Mansfield favors a steady increase in Japanese defense spending and says so publicly, but he also feels that this still largely pacifist country cannot be pushed too hard.

Others in Washington think Japan should be goaded to increase its defenses dramatically and quickly. One day Manfield found a hawkish Republican Senate staff member on his turf in Tokyo pushing the lhard line. A phone call from Mansfield got him sent home.

A more telling example is the recurring dispute between Mansfield and Secretary of Defense Harold Brown. Mansfield has disapproved of American attempts to fix exact percentage targets for the Japanese military to meet.That was clearly the Carter administration's policy until Brown showed up in Tokyo with a list of percentages Japan should reach by 1984.

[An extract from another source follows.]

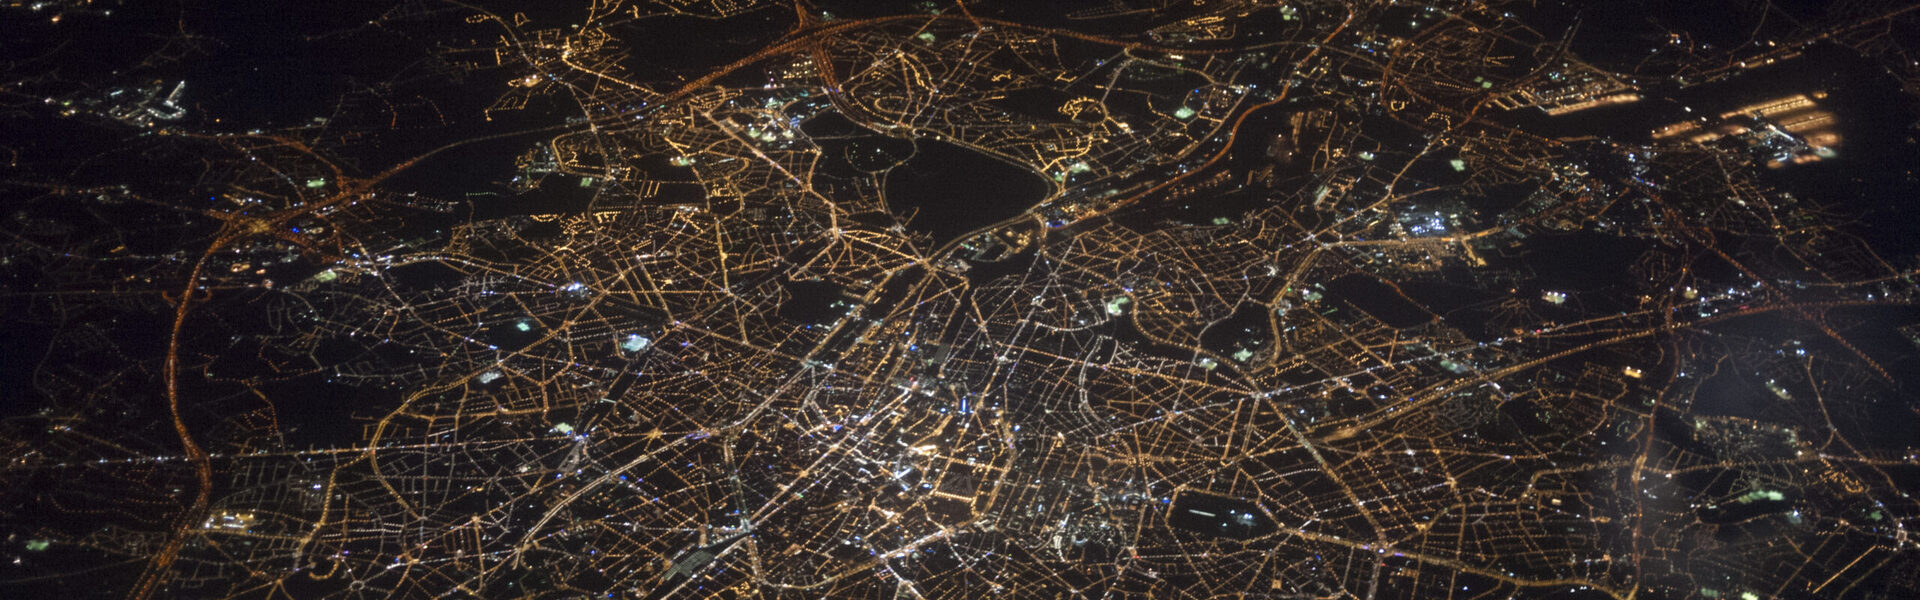 Aerial view of Brussels at night

It irritated Mansfield. Asked this week if that sort of breach had been systematic, he said, "No, in the beginning it was. But it's wrong to place emphasis on percentages. It's the substance that counts." He paused, then added, "The Pentagon doesn't do that anymore."

The Japanese consider Mansfield, 77, a genro -- a wise elder who acts from many years of experience. Many of Japan's political leaders are in their sixties and seventies and feel comfortable with a man of his age. Government leaders appreciate mostly his connections back in Washington.

"They say that it is very important for an ambassador to have a direct channel with top officials in the [American] government, and from that point of view, I think Mansfield is number one," said Masahisa Naito, an official of the Ministry of International Trade and Industry.

Mansfield deals with the Japanese as he did with his old colleagues in the Senate, slowly and patiently. His enjoyment of the job is total. He is at his desk by 7:30 most mornings, before most of the embassy people have arrived, and he is erect and alert, although signs of fatigue are likely to show by late afternoon. His speech is blunt and direct, and he rarely speaks off the record with reporters.

Picked as ambassador after a brief retirement in Florida in 1977, the former Senate majority leader says he has never regretted leaving Washington. fHis greatest joy, he says, is "just getting away from the manifold pressures in Washington." In Tokyo, the problems come one at a time for Mansfield, and there is more opportunity for slow consideration of each.

"The Senate was getting to be a terrible headache," he said. "I could not even begin to keep up with it. Since I've gone, it's gotten much worse." nHe cites the growth of single-interest groups and lobbyists as the main problem of managing Congress.

"Even Sam Rayburn and Lyndon Johnson could not have handled the House or Senate the way it's developed in the last 10 years."

One of his regrets is the too-successful movement he helped lead to weaken the presidency and strengthen Congress after the war in Vietnam.

"I think we went too far," he says now. "It ought to move somewhat toward the middle with the president having more power than Congress but not too much."

The ambassador looks back on his country critically. Americans have grown complacent, he believes, and the lack of civilty bothers him a great deal. He puts it all into a few succinct phrases:

"Too many fat people. Too much crime. Too little security. Not enough pride or courtesy or politeness. Too many people for themselves. Too willing to 'let George do it,' but they don't want to be personally affected." w

Japanese, on the other hand, hang together as a people. "Deep down, they know how vulnerable their country is strategically, economically, and when the going gets tough . . . they get in and produce more -- because they have to. They have pride in what they do. It pays off for their country. I think we ought to have pride in what we do."